The target `'claim'` has binary outcomes: `0` for no claim and `1` for claim.

In [None]:
df_train.info()
df_train.describe()

# Missing Values
Refer to [TPS Sep 2021 single LGBM](https://www.kaggle.com/hiro5299834/tps-sep-2021-single-lgbm/notebook) by [@hiro5299834](https://www.kaggle.com/hiro5299834)

In [None]:
df_train['n_missing'] = df_train[FEATURES].isna().sum(axis=1)
test['n_missing'] = test[FEATURES].isna().sum(axis=1)

df_train['std'] = df_train[FEATURES].std(axis=1)
test['std'] = test[FEATURES].std(axis=1)

df_train['mean'] = df_train[FEATURES].mean(axis=1)
test['mean'] = test[FEATURES].mean(axis=1)
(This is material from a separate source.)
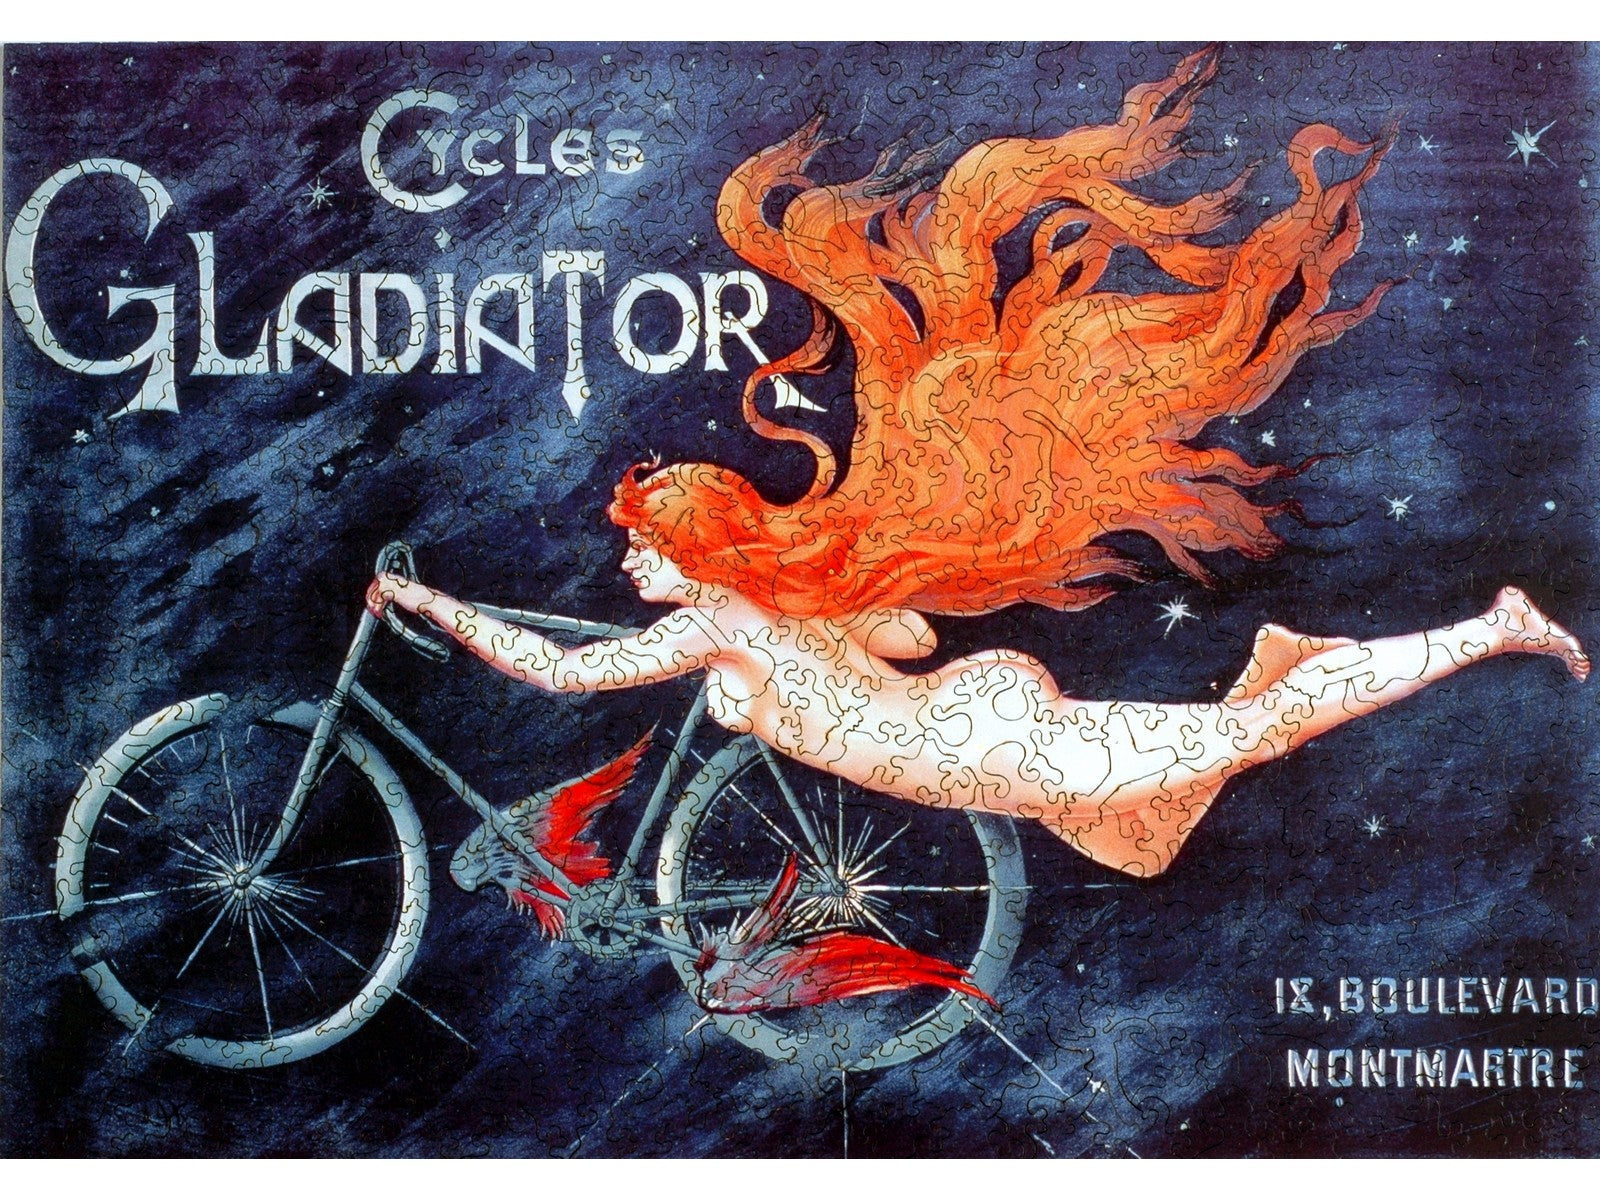 The front of the puzzle, Cycles Gladiator Large, which shows a nude woman flaying through the night sky on a bicycle.

FEATURES += ['n_missing', 'std', 'mean']

# Step3: Train Model #

Let's try out a simple XGBoost model. This algorithm can handle missing values, but you could try imputing them instead.  We use `XGBClassifier` (instead of `XGBRegressor`, for instance), since this is a classification problem.

In [None]:
from xgboost import XGBClassifier

X = df_train.loc[:, FEATURES]
y = df_train.loc[:, TARGET]

final_predictions = []
kf = KFold(n_splits=10, shuffle=True, random_state=42)
for fold, (train_indicies, valid_indicies) in enumerate(kf.split(X=X)):
    X_train = X.loc[train_indicies]
    X_valid = X.loc[valid_indicies]
    X_test = test.copy()
    
    y_train = y.loc[train_indicies]
    y_valid = y.loc[valid_indicies]
    
    
    scaler = StandardScaler()
    X_train[FEATURES] = scaler.fit_transform(X_train[FEATURES])
    X_valid[FEATURES] = scaler.transform(X_valid[FEATURES])
    X_test[FEATURES] = scaler.transform(X_test[FEATURES])
    
    model = XGBClassifier(
        max_depth=3,
        subsample=0.5,
        colsample_bytree=0.5,
        learning_rate= 0.01187431306013263,
        n_estimators= 10000,
        n_jobs=-1,
        use_label_encoder=False,
        objective='binary:logistic',
        tree_method='gpu_hist',  # Use GPU 
        gpu_id=0,
        predictor='gpu_predictor',
    )
    model.fit(X_train, y_train,
             verbose = False,
             eval_set = [(X_train, y_train), (X_valid, y_valid)],
             eval_metric = "auc",
             early_stopping_rounds = 200)
    
    preds_valid = model.predict_proba(X_valid)[:,1]
    preds_test = model.predict_proba(X_test)[:,1]
    final_predictions.append(preds_test)
    print(fold, roc_auc_score(y_valid, preds_valid))

# Make Submission #

Our predictions are binary 0 and 1, but you're allowed to submit probabilities instead. In scikit-learn, you would use the `predict_proba` method instead of `predict`.

In [None]:
preds = np.mean(np.column_stack(final_predictions), axis=1)

# Make predictions
y_pred = pd.Series(
    preds,
    index=X_test.index,
    name=TARGET,
)

# Create submission file
y_pred.to_csv("submission.csv")